India's Prime Minister Narendra Modi (L) shakes hands with Japan's former Prime Minister Shinzo Abe during a bilateral meeting ahead of the Group of 20 (G20) summit in Osaka on June 27, 2019.
India's Prime Minister Narendra Modi (L) shakes hands with Japan's former Prime Minister Shinzo Abe during a bilateral meeting ahead of the Group of 20 (G20) summit in Osaka on June 27, 2019.
Photo by Kiyoshi Ota / POOL / AFP

Japan and India have traditionally been allies. But its foothold in India became firmer after former Prime Minister Indira Gandhi brought in Suzuki to bail out her son’s non-starter Maruti.

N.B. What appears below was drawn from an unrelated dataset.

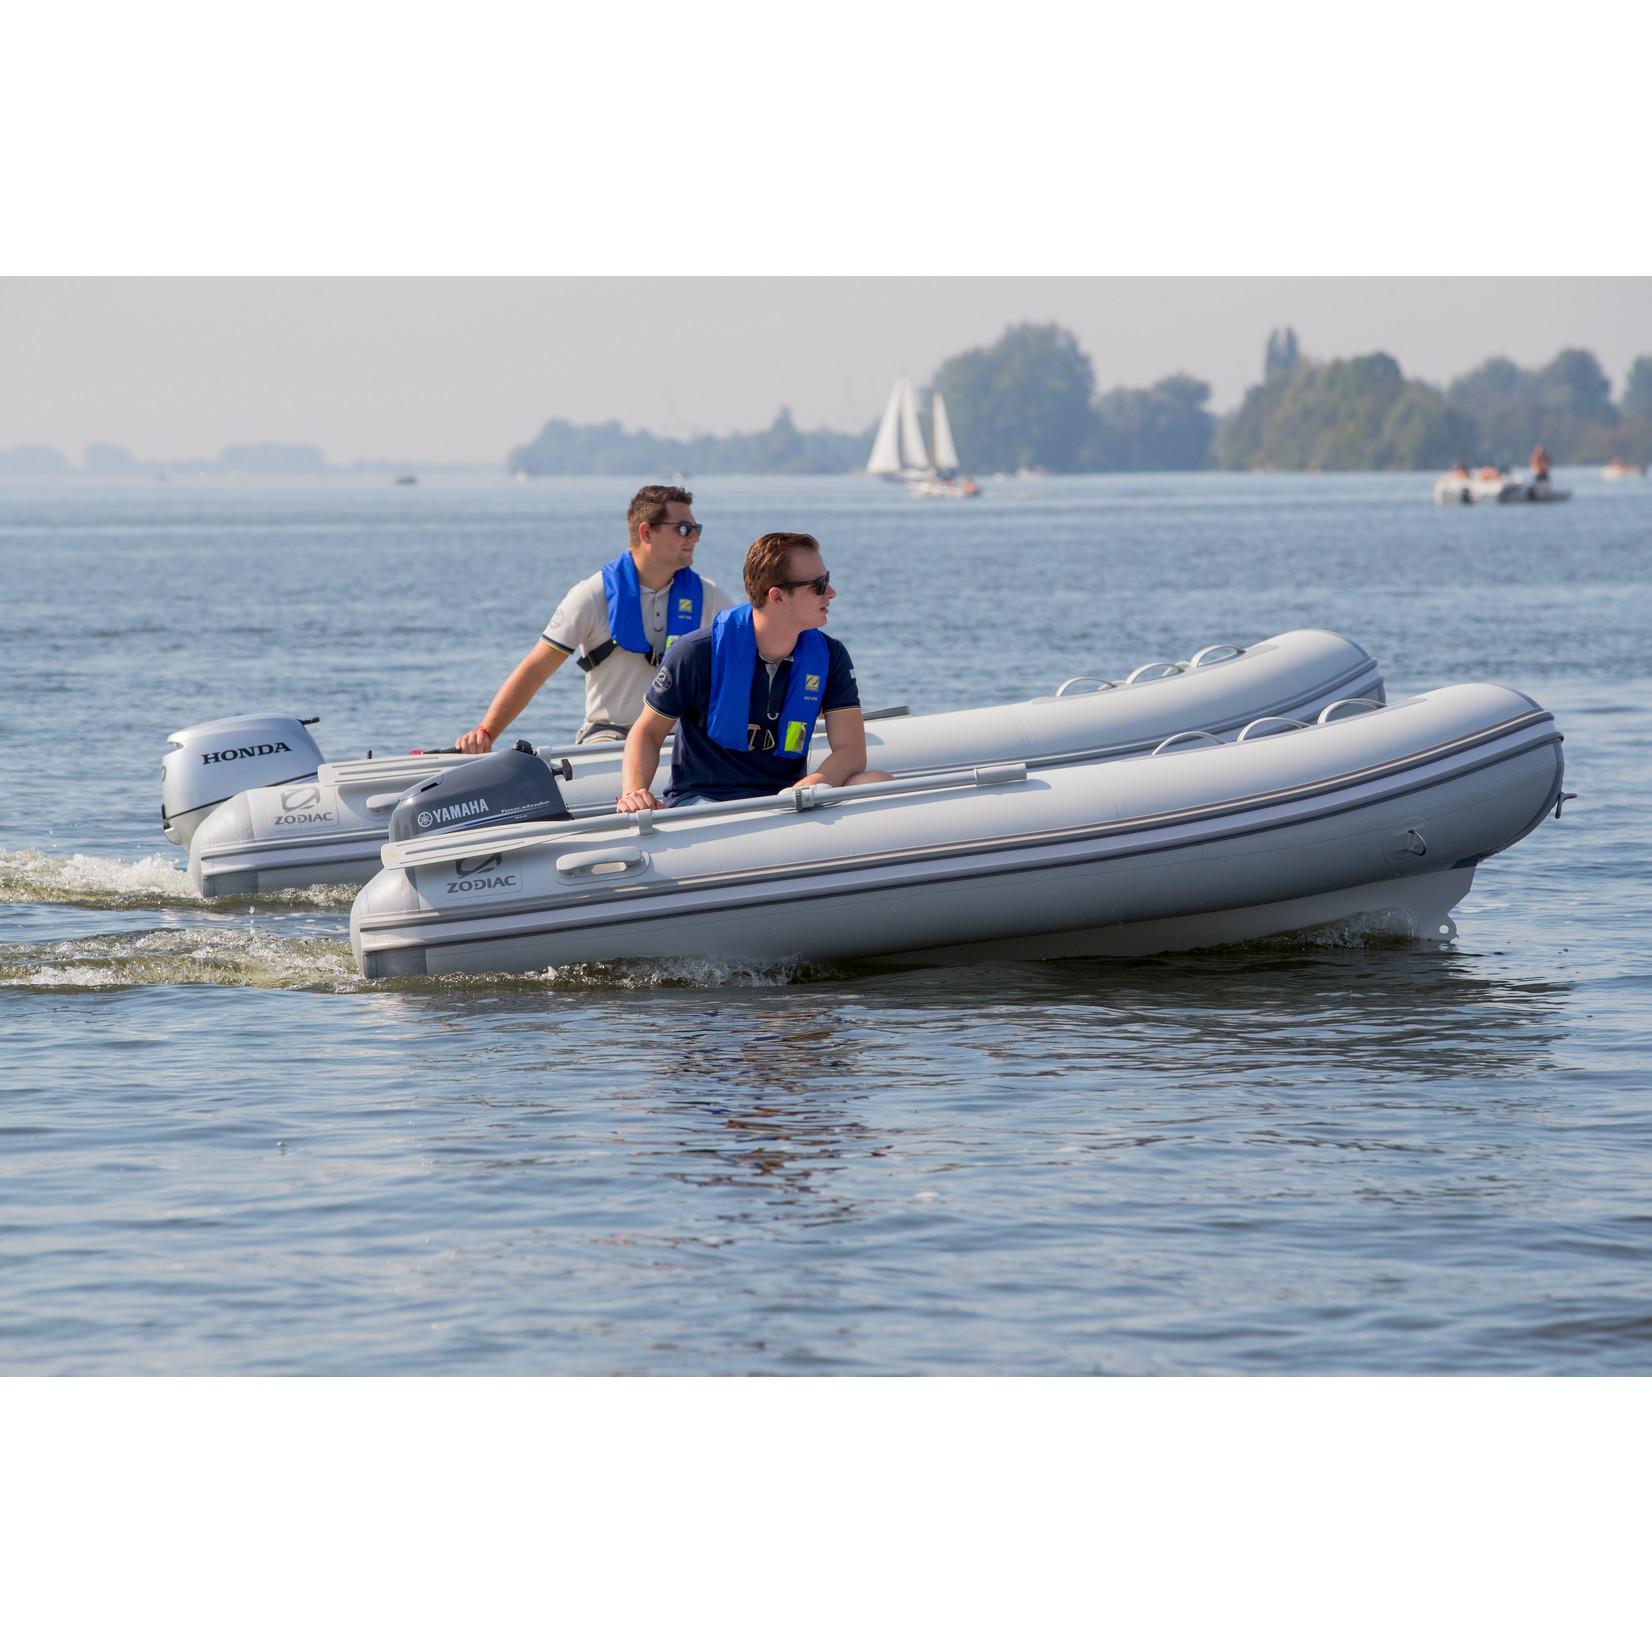 Zodiac Cadet 300 ALU RIB - single deck

The success of this venture made it Suzuki’s biggest profit centre worldwide. Along with it came auto-ancillary manufacturers, and other automobile players. Then came a host of companies – ranging from chemicals, pharmaceuticals, telecom, power and construction. It is now planning to set up high-speed trains in India.

Japan-India relations got the attention of Indian population when Japan offered to finance India for all its mega projects – the dedicated freight corridor (DFC), the Delhi Mumbai Industrial Corridor (DMIC) and the bullet train network.

But that does not ensure that everything is great for Japanese investors and firms in India. To understand the challenges in the Indian market for investments, The Free Press Journal-SIES in association with Invest India is organising ‘Financing India’ webinar series. Japan is the focus country for the upcoming panel discussion.

The panellists for the session are (in alphabetical order): Yadvinder Singh Guleria, Director – Sales & Marketing, HMSI; Harjot Singh Narang, President, Dentsu One; and Sanjay Panda, Managing Director, IJ Kakehashi Services. The session, which will be moderated by R N Bhaskar, Consulting Editor, Free Press Journal, will be held on November 5 at 3 pm. The opening remarks will be delivered by Vaneeta Raney, head of BMM, SIES.

Click here to register.

For the past decade, India is the largest recipient of Japanese funds. During April 2000- June 2020, in terms of cumulative inflows, India attracted USD 33.9 billion from Japan. During this period, Japan was the fourth largest source of FDI in India. FDI has gone into sectors like automobile, electrical equipment, telecommunications, chemical, financial (insurance) and pharmaceutical sectors in India.

While India turns to Japan for investment and technology, Japan looks at India as it is a growing market offering better rates of interests and human resources. According to MEA data, Japan’s bilateral trade with India totalled USD 17.63 billion in FY 2018-19.

There are around 1,441 Japanese companies in India as per the 2018 joint survey by the Embassy of Japan in India and the Japan External Trade Organization (JETRO).